For civil nuclear transport, the competent authority in Great Britain, which is the Office for Nuclear Regulation, will have a duty to provide information to the public about the nature and effect of a potential radiation emergency. This ensures that the general public have access to information about what to do in such an emergency.
The regulations will introduce a national reference level and require the carrier and consignor of radioactive materials to ensure that the emergency plan prioritises keeping radiation exposure below that level. The regulations also include a duty to provide a handover report to assist the transition from an emergency exposure situation to the recovery phase.
Part 2 of the regulations makes a technical update to a cross-reference in the Transfrontier Shipment of Radioactive Waste and Spent Fuel Regulations 2008; and part 3 reinstates a previously revoked provision that implements an EU directive on volatile organic compound emissions resulting from the storage of petrol and its distribution.
The regulations will apply to England, Wales and Scotland; Northern Ireland will separately update its own version of the regulations with similar changes. The changes will affect all operators that transport radioactive materials by road, rail and inland waterway in Great Britain. The impact on business of the changes will be minimal. The main burden will be costs associated with familiarisation with the amendments and making any revisions to emergency plans. We calculate that to be a relatively minor, one-off cost. The other two changes included in the instrument—those on volatile organic compounds and trans-frontier shipment of radioactive waste—are purely technical and will not have any impact on industry.
In August 2017, the then Secretary of State for Defence agreed that although it is not legally obligated to, the Ministry of Defence will, where possible, comply with the emergency preparedness and response elements of the basic safety standards directive. Where Defence has exemptions, derogations or disapplications from applicable health and safety legislation, such as this legislation, it is committed to maintaining departmental arrangements that produce outcomes that are, so far as is reasonably practicable, at least as good as those required by UK legislation.
I look forward to hearing what hon. Members have to say about the proposed changes.
I am not trying to flatter the shadow Minister, but I work with him a lot and listen very carefully to what he has to say. Usually, the answers to his questions are extremely complex and I have to do my homework to understand them. However, in this case, my recollection of last week—I will ask my officials for clarification—is that the Transfrontier Shipment of Radioactive Waste and Spent Fuel (EU Exit) Regulations 2018 were for the event of no deal only. Therefore, I do not believe his point is relevant; perhaps we will discuss that, but that is my understanding. It is a very constructive and, I am sure, well-researched point, but I think it misses the no-deal point—heaven forbid there is no deal.
The citation and commencement of the regulations that we passed last week stated that they will come into force on exit day, whenever that is. Although that is when the SI will come into force, the revocation applies from when it is made, so it carries forward into legislation. That does not alter the fact that, although another SI will come into force on exit day, we are seeking to amend something that does not exist. Both statutory instruments come into force on exit day, regardless of whether there is no deal or a deal, because they have been made properly through the parliamentary process. If we pass these draft regulations, that is what will happen.

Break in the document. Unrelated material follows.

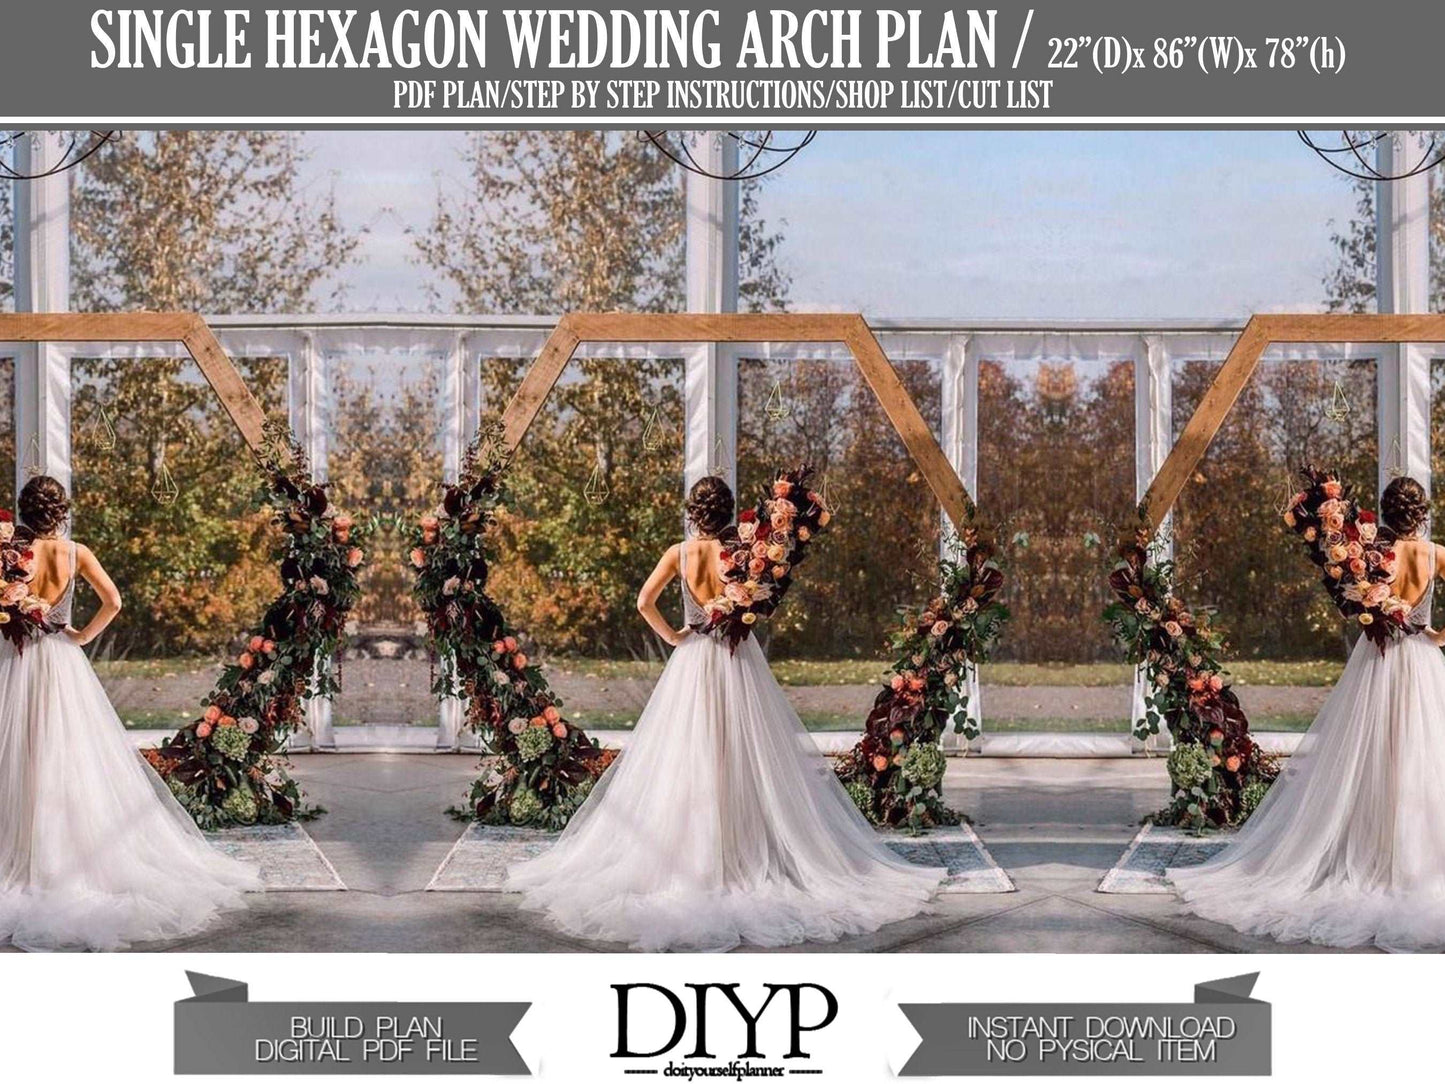 Portable hexagon wedding arbor plan - wedding arch ideas
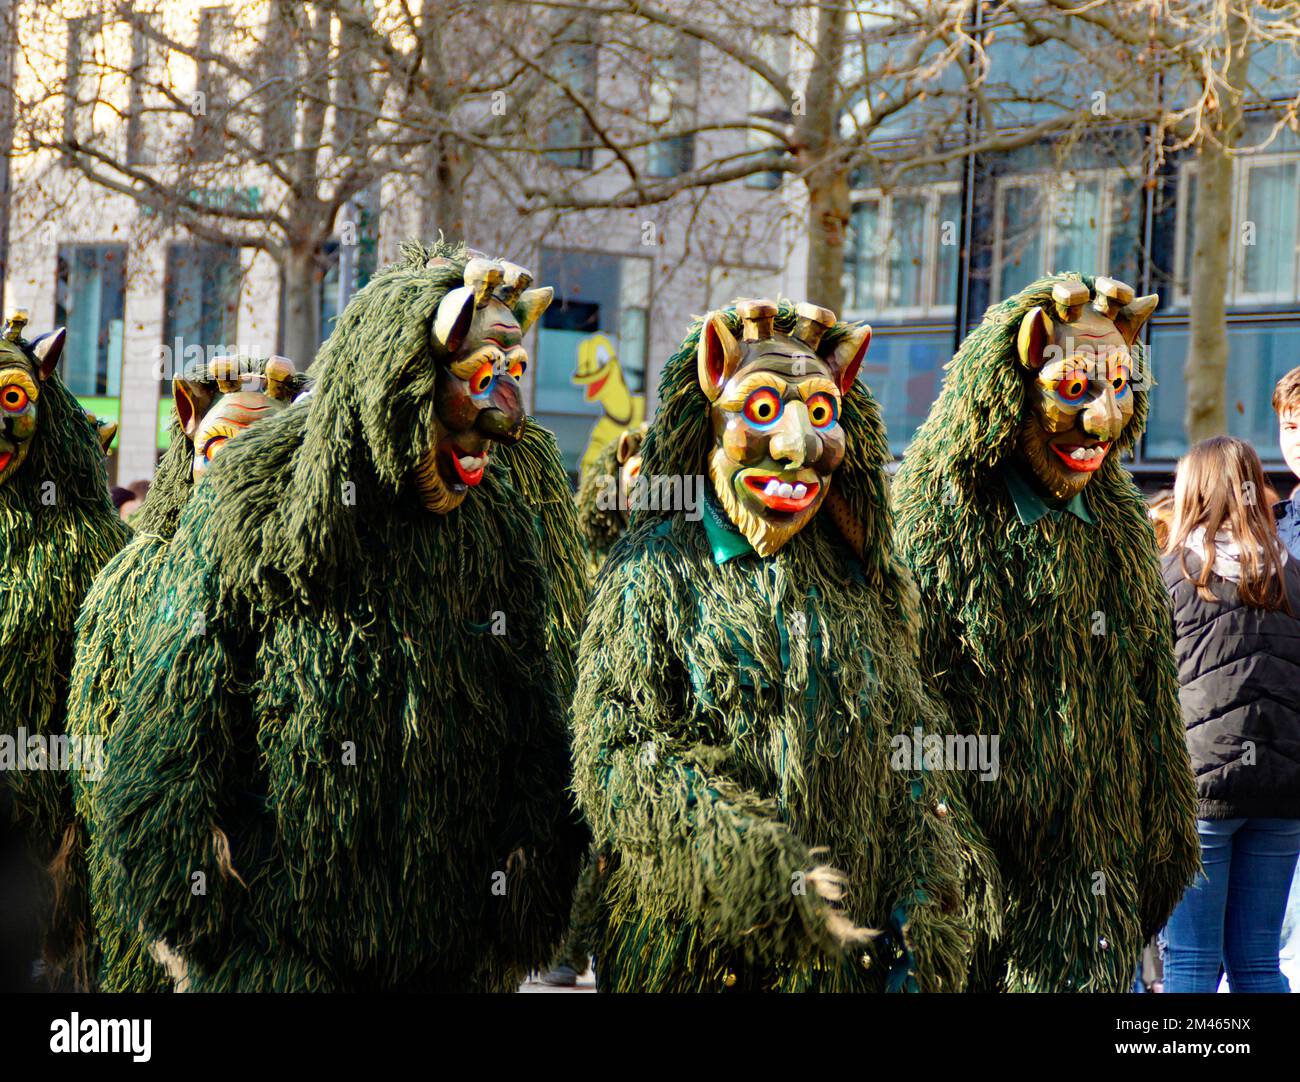 Persone vestite con abiti e maschere divertenti che celebrano il tradizionale carnevale della Shrovetide tedesca chiamato Fasching o Narrensprung (Ulm, Germania) Foto Stock

I am grateful to my hon. Friend the Member for Poplar and Limehouse for his intervention. We ought to think very carefully about whether we are able to proceed with these particular draft regulations, in the absence of a definitive view that, given what we know now, they are not defective and can be voted on and put in legislation.
It seems to me that last week we debated draft regulations, but they have not yet been made. That is why, respectfully, I do not think the hon. Gentleman’s point is valid.
Order. I have sought advice on this point, and my understanding is that we can proceed.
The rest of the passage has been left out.